> _DATA LISTING_
◇ ◇ ◇

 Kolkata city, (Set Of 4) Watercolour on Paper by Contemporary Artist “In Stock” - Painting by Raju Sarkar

◇ ◇ ◇

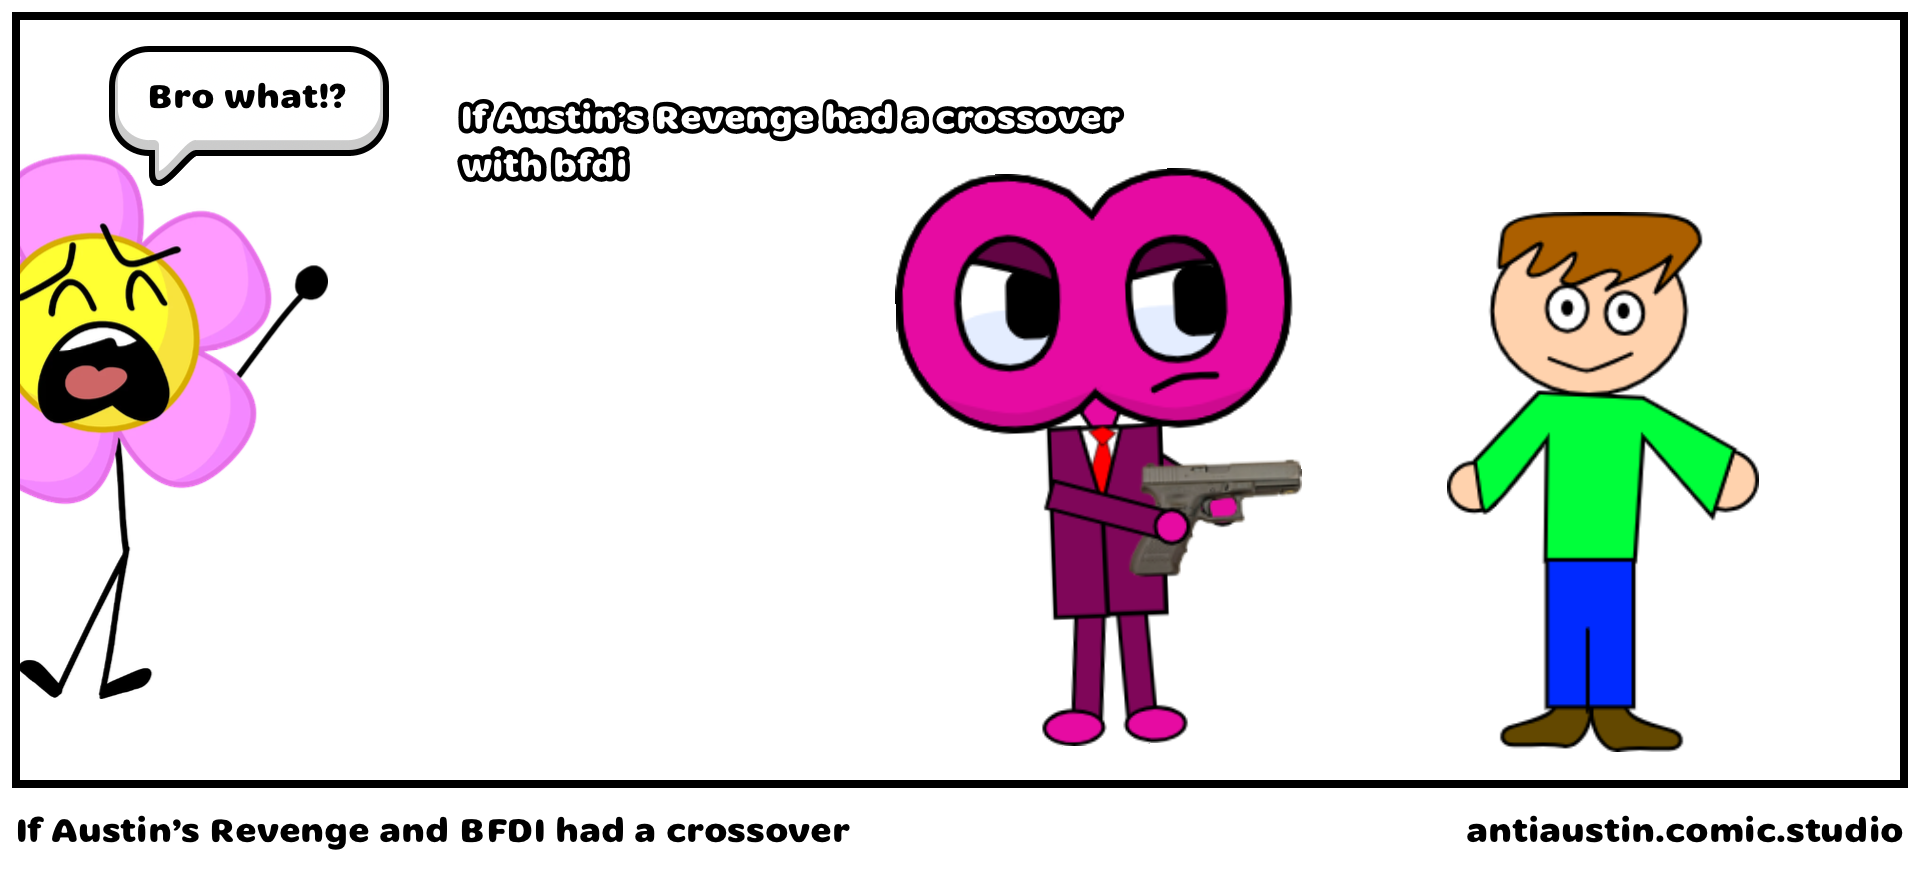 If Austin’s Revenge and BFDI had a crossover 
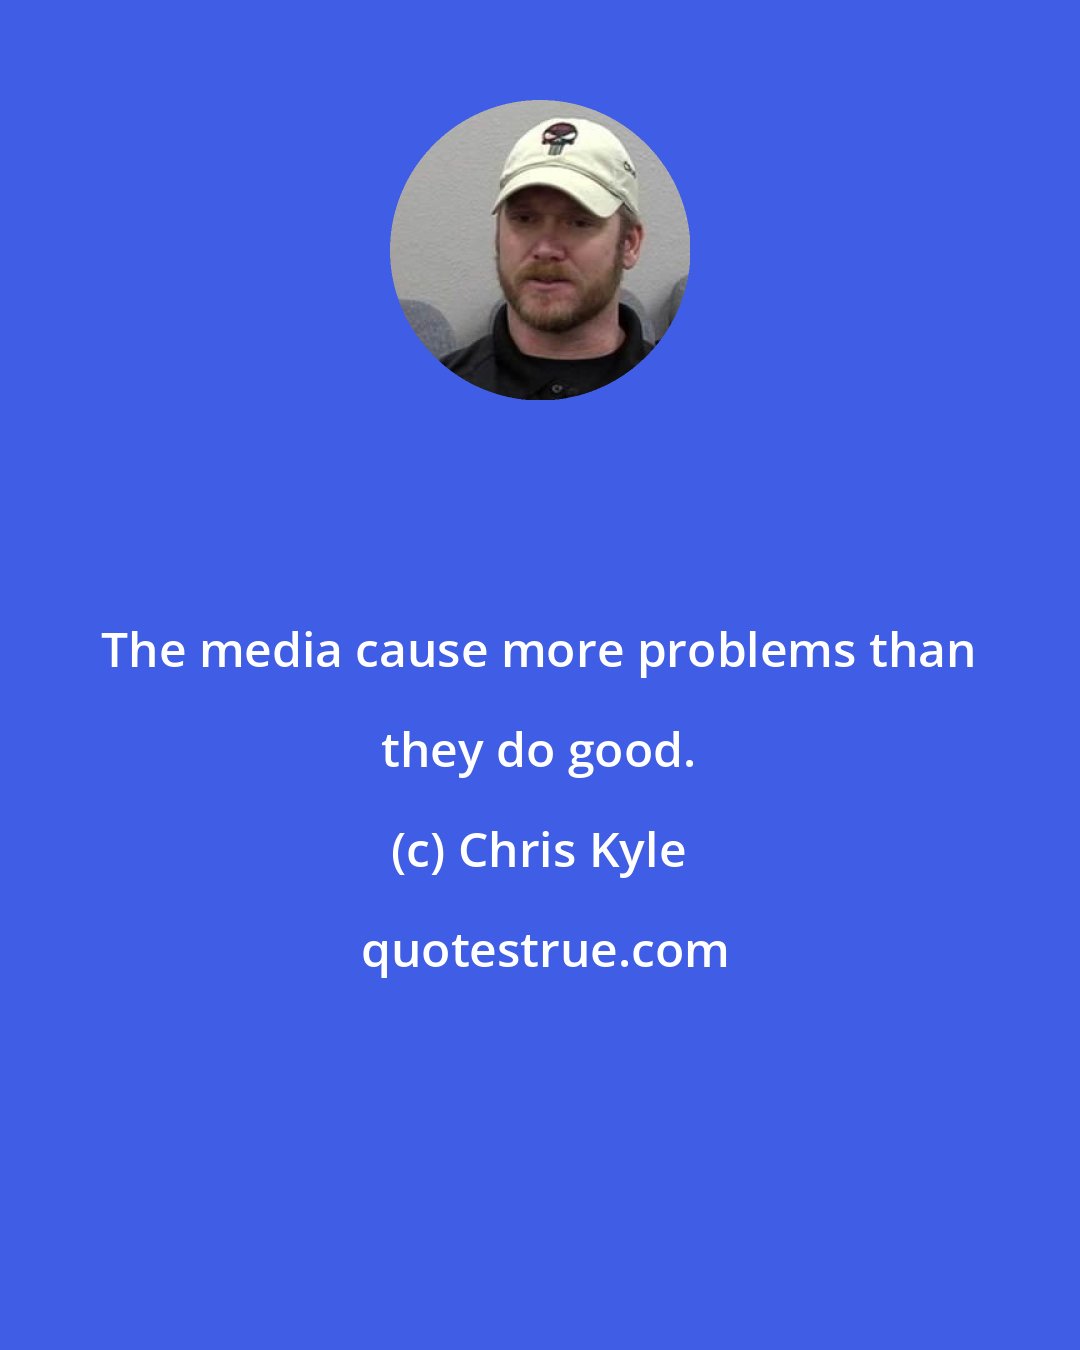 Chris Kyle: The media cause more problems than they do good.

◇ ◇ ◇

> _ABOUT THIS EXERCISE_
When you reach the line that has "If Austin’s Revenge" in the data above, start repeating lines exactly, and stop after the line that has "Chris Kyle: The"; pictures stay out.

> _TASK RESULT_
 If Austin’s Revenge and BFDI had a crossover 
 Chris Kyle: The media cause more problems than they do good.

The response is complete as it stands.